Tipos usados Drosophila melanogasteré amplamente utilizado em pesquisas comportamentais porque sua composição genética e seu sistema nervoso compartilham semelhanças importantes com os humanos, explicou Khan.

“A cafeína é a substância psicoativa mais consumida no mundo, com cerca de 85% dos adultos norte-americanos a consumi-la regularmente”, disse Sabandal, professor associado de ciências biológicas da UTEP. “Dada a popularidade da cafeína, queríamos examinar se factores adicionais influenciam os seus efeitos no controlo comportamental”.

A cafeína noturna está associada à redução do autocontrole

Para testar isso, a equipe alimentou as moscas da fruta com cafeína sob uma variedade de condições, incluindo diferentes doses, exposição diurna e noturna e combinada com privação de sono. Eles então avaliaram a impulsividade observando até que ponto as moscas conseguiam parar de se mover quando expostas a fortes correntes de ar, o que naturalmente consideram desagradáveis.

“Em circunstâncias normais, as moscas param de se mover quando expostas a um forte fluxo de ar”, disse Saldes, agora pesquisador da Universidade de Illinois em Peoria College of Medicine e ex-bolsista de pós-doutorado da UTEP. “Descobrimos que as moscas que consomem cafeína à noite são menos capazes de inibir os seus movimentos, exibindo comportamentos impulsivos, como voos imprudentes, apesar destas condições aversivas”.
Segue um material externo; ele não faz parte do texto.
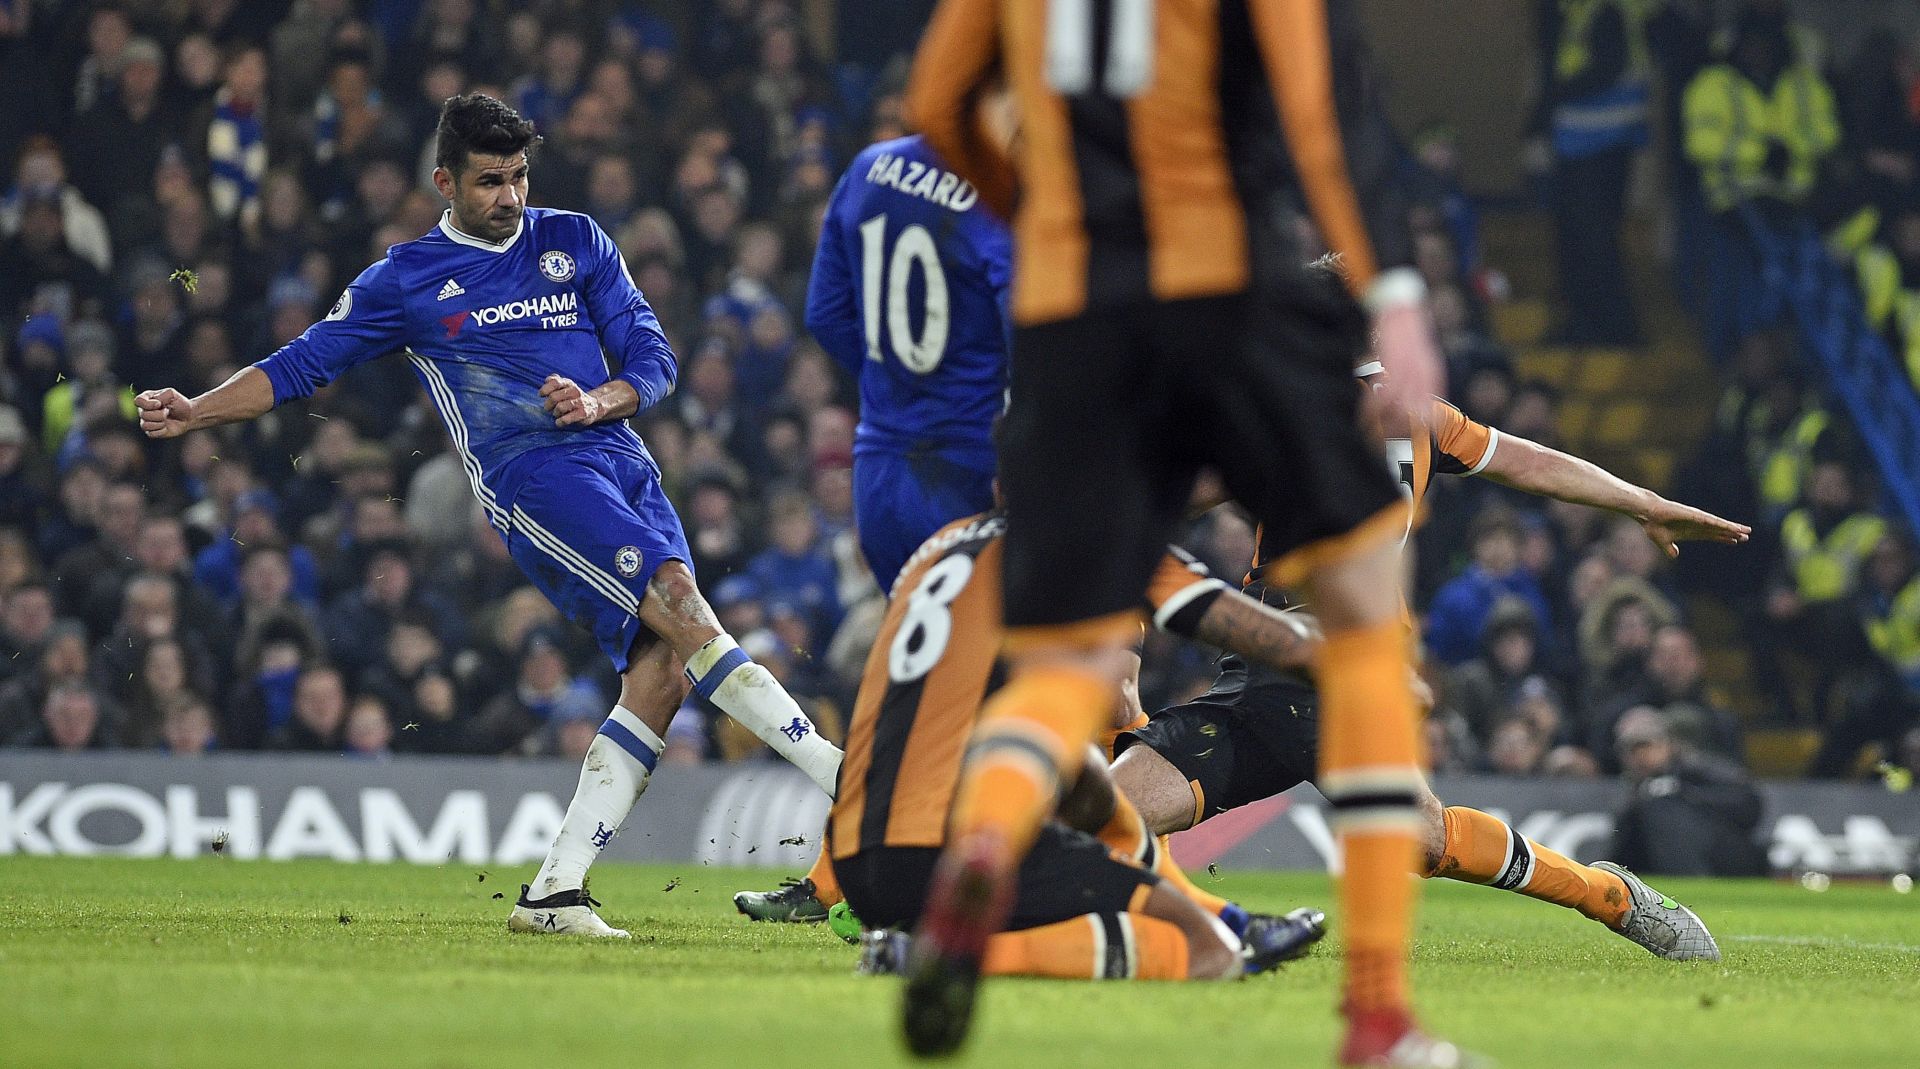 epa05742136 Chelsea's Diego Costa (L) scores their first goal against Hull City during the English Premier League soccer match between Chelsea FC and Hull City at Stamford Bridge, London, Britain, 22 January 2017. EDITORIAL USE ONLY. No use with unauthorized audio, video, data, fixture lists, club/league logos or 'live' services. Online in-match use limited to 75 images, no video emulation. No use in betting, games or single club/league/player publications  EPA/GERRY PENNY

As moscas que consumiram cafeína durante o dia não apresentaram o mesmo padrão, indicando que o momento da ingestão de cafeína desempenha um papel fundamental.

As moscas fêmeas reagem mais fortemente à cafeína

Os pesquisadores também observaram diferenças claras entre homens e mulheres. Embora ambos os sexos tivessem o mesmo nível de cafeína em seus sistemas, as mulheres apresentaram níveis significativamente mais elevados de comportamento impulsivo.

“As moscas não possuem hormônios humanos como o estrogênio, sugerindo que outros fatores genéticos ou fisiológicos são responsáveis ​​pelo aumento da sensibilidade das fêmeas”, disse Kyung-Ahn Han, professor de ciências biológicas. “Identificar esses mecanismos nos ajudará a entender melhor como a fisiologia noturna e os fatores específicos do sexo modulam os efeitos da cafeína”.

Implicações potenciais para os trabalhadores do turno noturno

As descobertas podem ter implicações mais amplas para as pessoas que dependem da cafeína à noite, incluindo trabalhadores por turnos, profissionais de saúde e militares. Os investigadores observam que estes efeitos podem ser particularmente relevantes para as mulheres.

A pesquisa foi realizada no laboratório de Hahn, no Departamento de Ciências Biológicas da UTEP. O laboratório concentra-se na base neurobiológica da plasticidade comportamental, incluindo aprendizagem, memória e habituação, bem como nas interações gene-ambiente associadas à doença de Alzheimer e demências relacionadas.